Наш находится в Невазире, подземном городе, о котором я говорил. — Один из псов, лежащих рядом с хозяином вдруг поднял голову и негромко гавкнул, будто чему-то удивился. Реми погладил его и продолжил: — Кристиан просто бредил подземными городами. Говорил, будто это единственный пример в мире «истинного коллективизма».
— И как он собирался увидеть санджака?
Барзан усмехнулся.
— Это очень трудно сделать.

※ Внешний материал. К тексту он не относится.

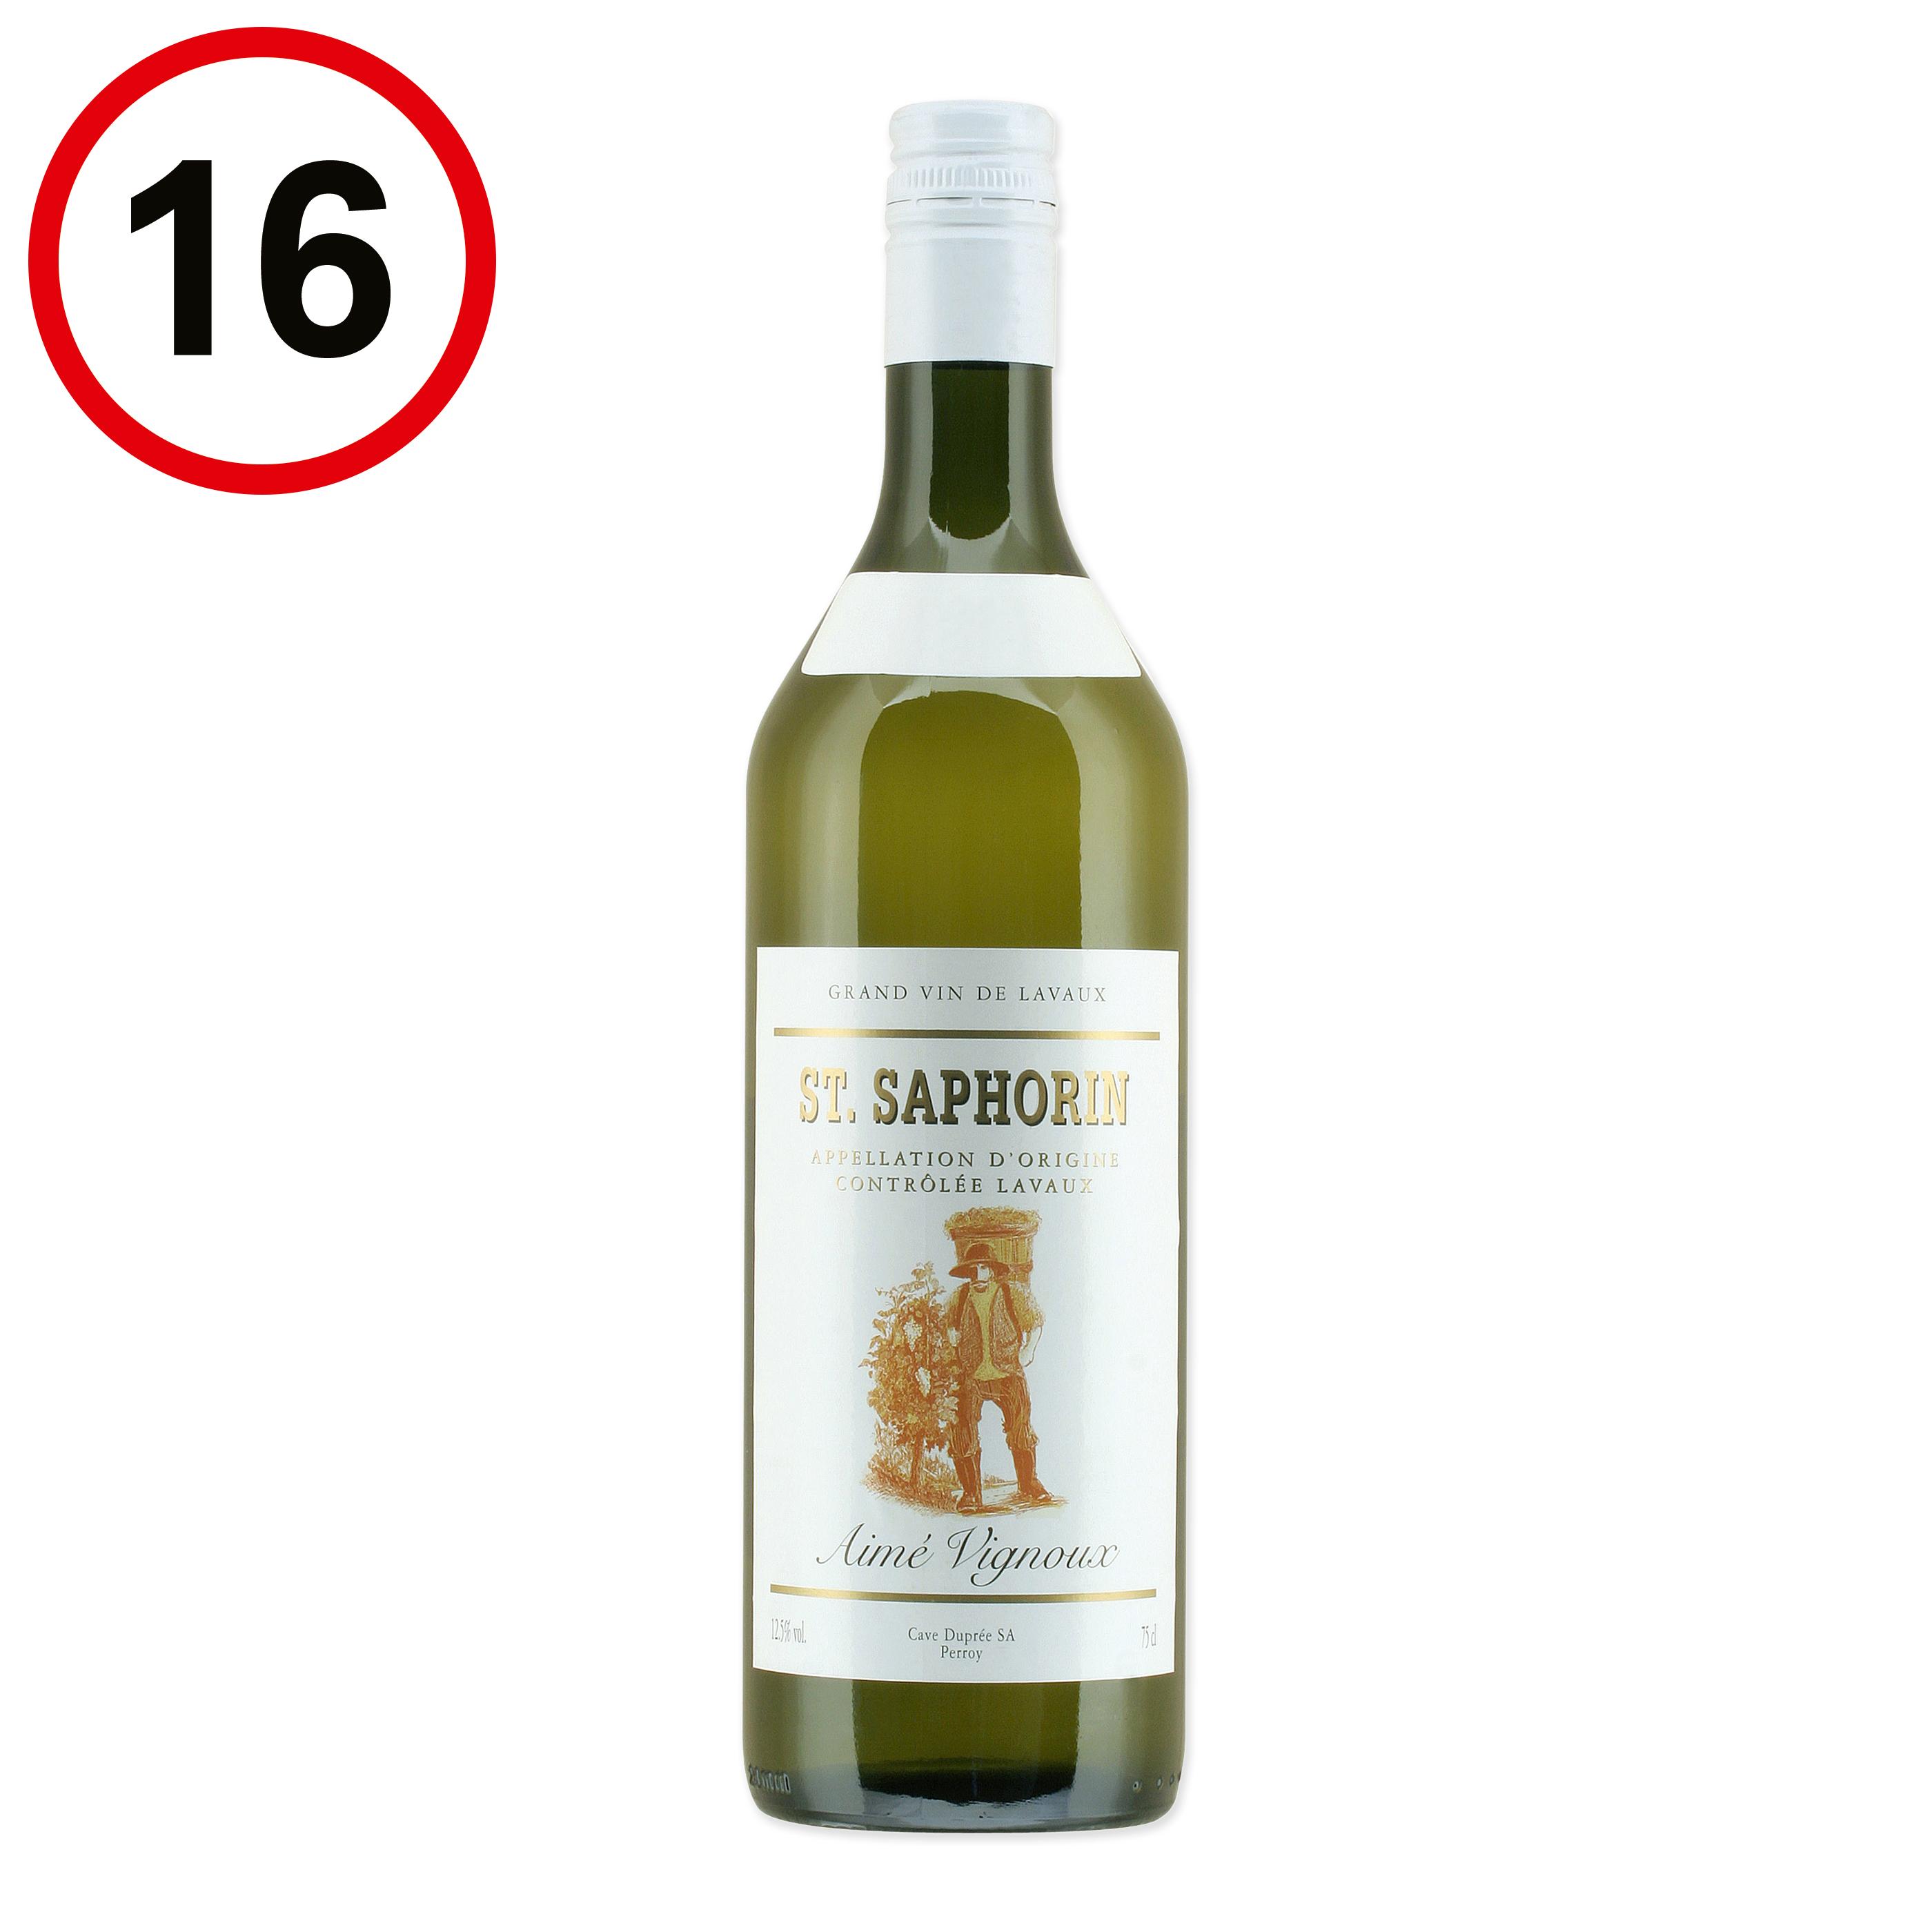 St. Savorin AOC, white wine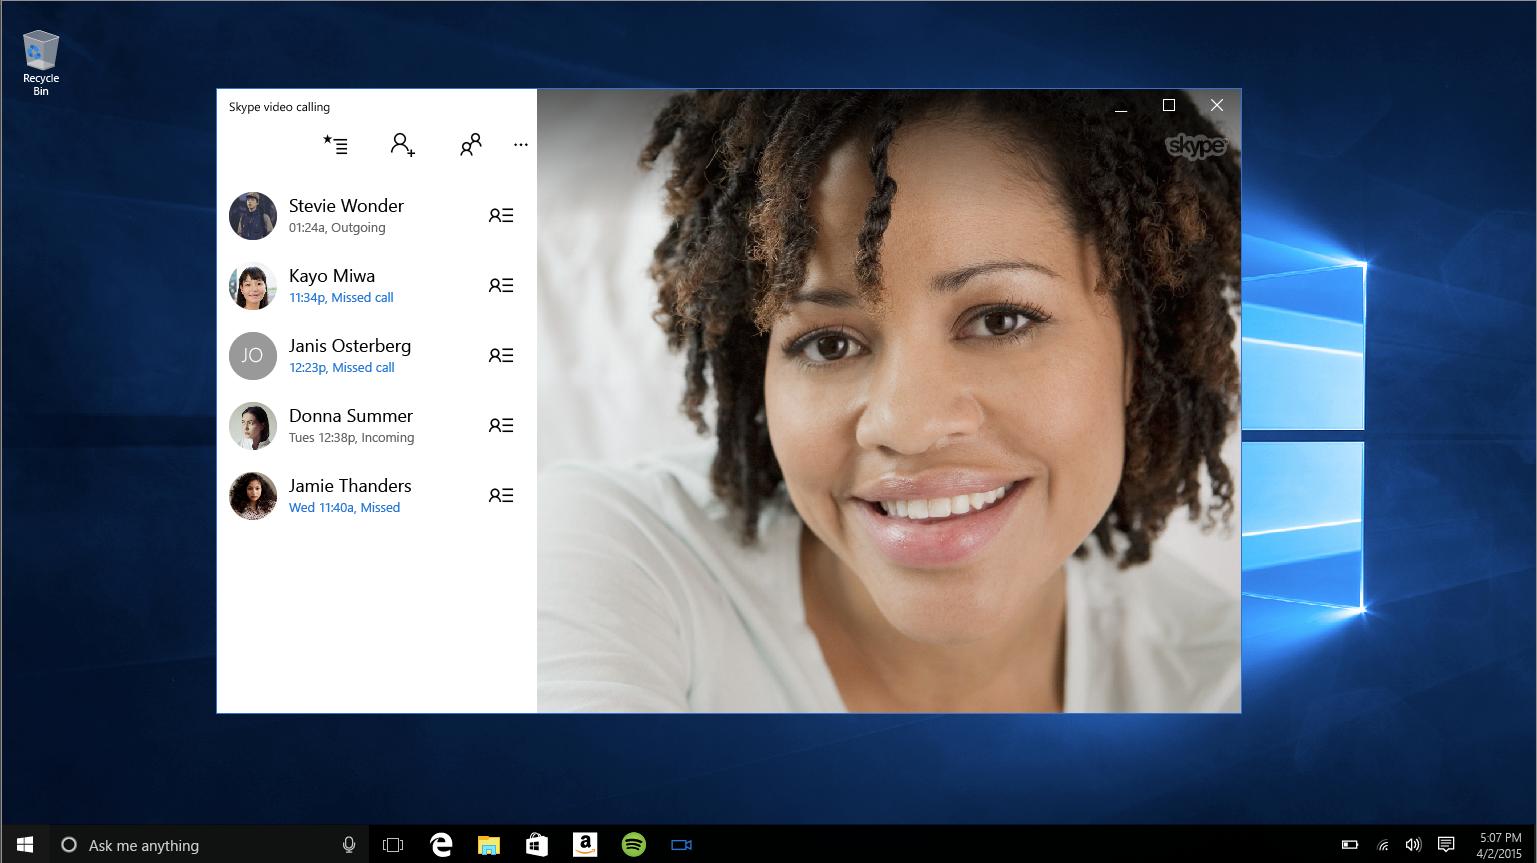 Windows 10 Tracking

Дело в том, что его уже пятьдесят лет вообще никто не видел. Но я нарушил законы, потому что… — он пожал плечами, — вам уже известно, что я человек нерелигиозный. Для меня санджак — просто предмет материальной культуры.
— Но почему его столько лет никто не видел?
— Во-первых, его прятали, чтобы спасти от уничтожения. Дело в том, что Турция даже после Ататюрка по-прежнему оставалась исламским обществом. Вы, наверное, знаете, что в исламе запрещено изображать существа, имеющие душу. Вот почему на фресках в старинных церквах у святых стерты лица. По этой же причине мусульмане заштукатурили мозаику в соборе Айя-София. Сунниты уничтожают любые изваяния и картины, на которых изображены люди. Помните, как сравнительно недавно талибы разрушили статую Будды в Афганистане? Они… — Барзан затруднился с выбором нужного английского слова. — Как у вас называют тех, кто уничтожает религиозные образы?
— Иконоборцы, — предположил Дэнни.
— Вот именно! — воскликнул Барзан. — В Турции храмовые стенные росписи повсюду уничтожены, лица тщательно соскоблены; кстати, и животных тоже. Эта тенденция присуща не только исламу. В христианстве в восьмисотом году тоже существовали иконоборцы. Многие столетия длился сезон охоты за любым произведением искусства, где было изображено лицо. В общем, санджак прятали в Невазире. Он хранится там до сих пор, задрапированный покрывалом, которое снимают только во время выборов имама на совете старейшин. Считается, что санджак в этот момент подает им какие-то знаки. — Реми усмехнулся. — Для меня санджак — всего лишь изваяние, для деда — святыня, а весь ритуал открытия его на совете старейшин преисполнен глубокого смысла.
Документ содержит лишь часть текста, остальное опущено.